Birthday Problem question

Fernando1

I'm reading a fairly elementary book on probability called 'Chance' by Amir D. Aczel. There's a chapter in it on the Birthday Problem. It gives the formula for calculating the number of people needed to have a 50% probability of two people having the same birthday;
1.2 x sq. root of #categories - so 1.2 x sq.root365.
And also the number of people needed for a 95% probability - 1.6 x sq. root365.
I'm wondering if the same would apply in trying to open a combination lock.
Say it's a 4-digit combination lock, so 10,000 possibilities.
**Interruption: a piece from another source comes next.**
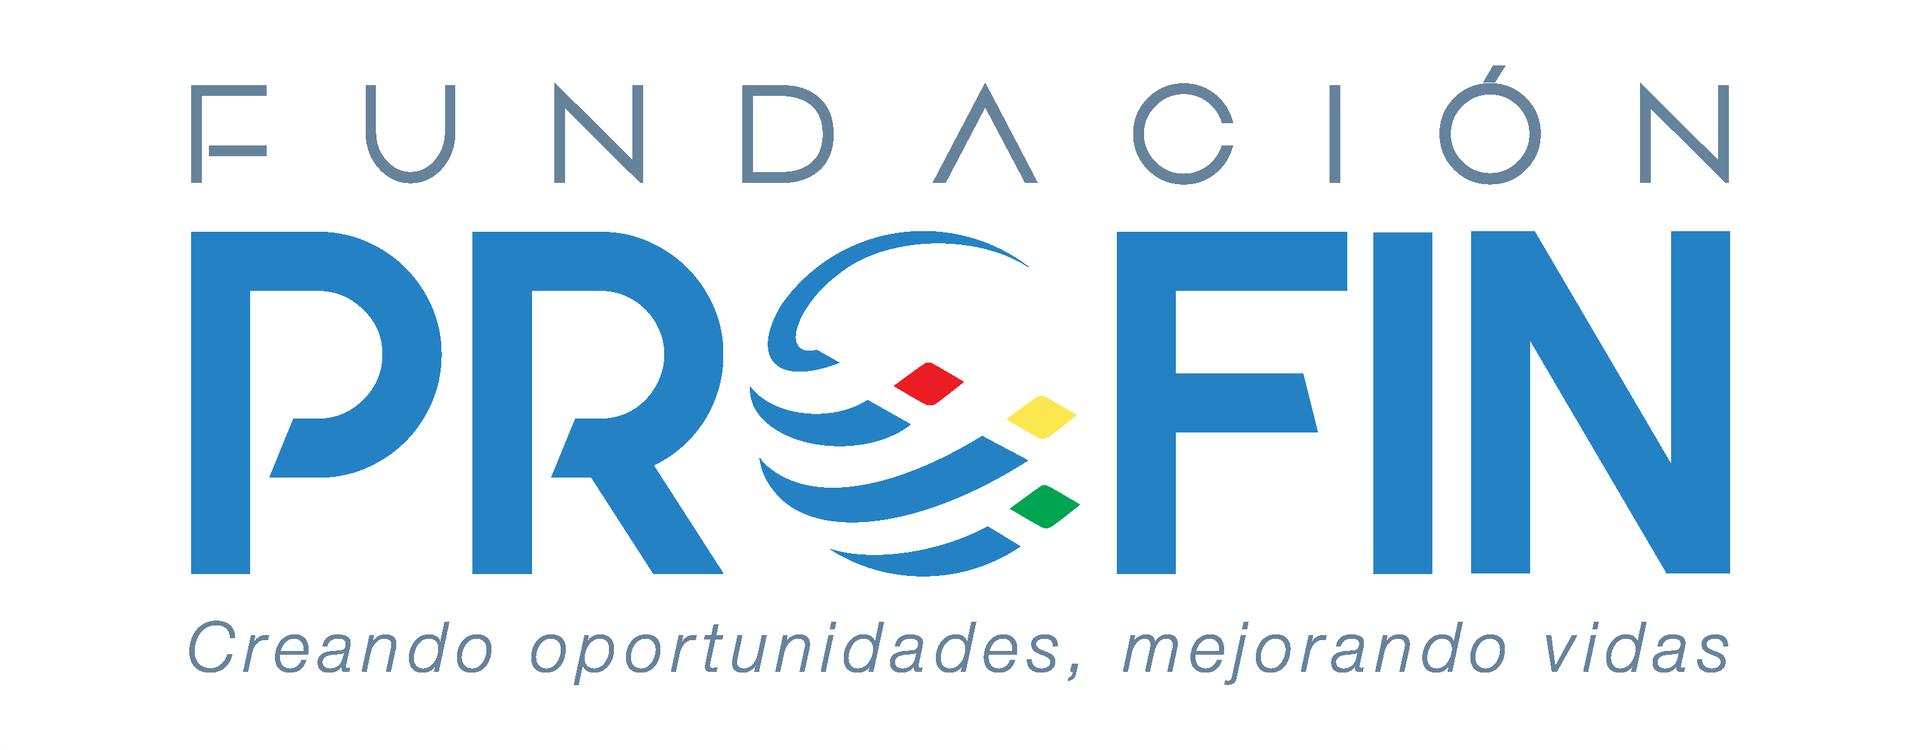 Fundacion PROFIN.png
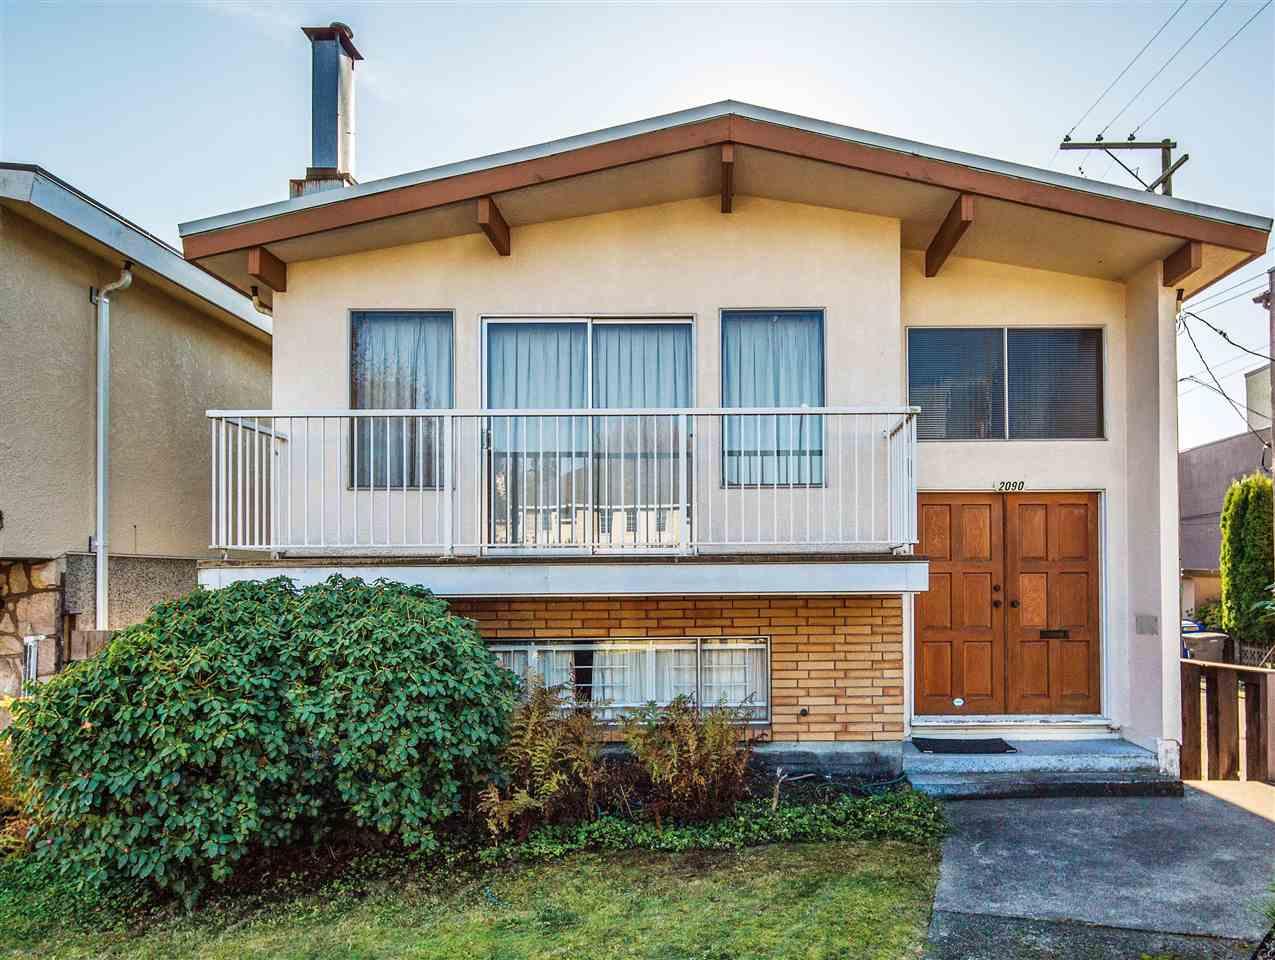 2090 W 44TH Kerrisdale, Vancouver (R2224160)

To have a 95% chance of opening the lock I would only need to choose 1.6 x sq.rt10,000 numbers, or 160 4-digit numbers?
This seems illogical to me but is it correct?

red_fox

Short answer is that you're right, it doesn't work for the lock.

Essentialy the lock is the same as asking how many people do you need to give a probability > 50% that one of them has the same birthday as you.

In the birthday problem you don't care which pair matches, so you so for n people you have n(n-1)/2 pairs. For the lock one part is fixed - the right combination, so with n numbers you have n pairs, which is far less in general - so it follows that the lock should be "harder" to open.

(tiny point: at n=1,2 you're more likely to open a 365 combination lock than have a pair of matching birthdays)

Fernando1

Thanks red fox. Nicely explained.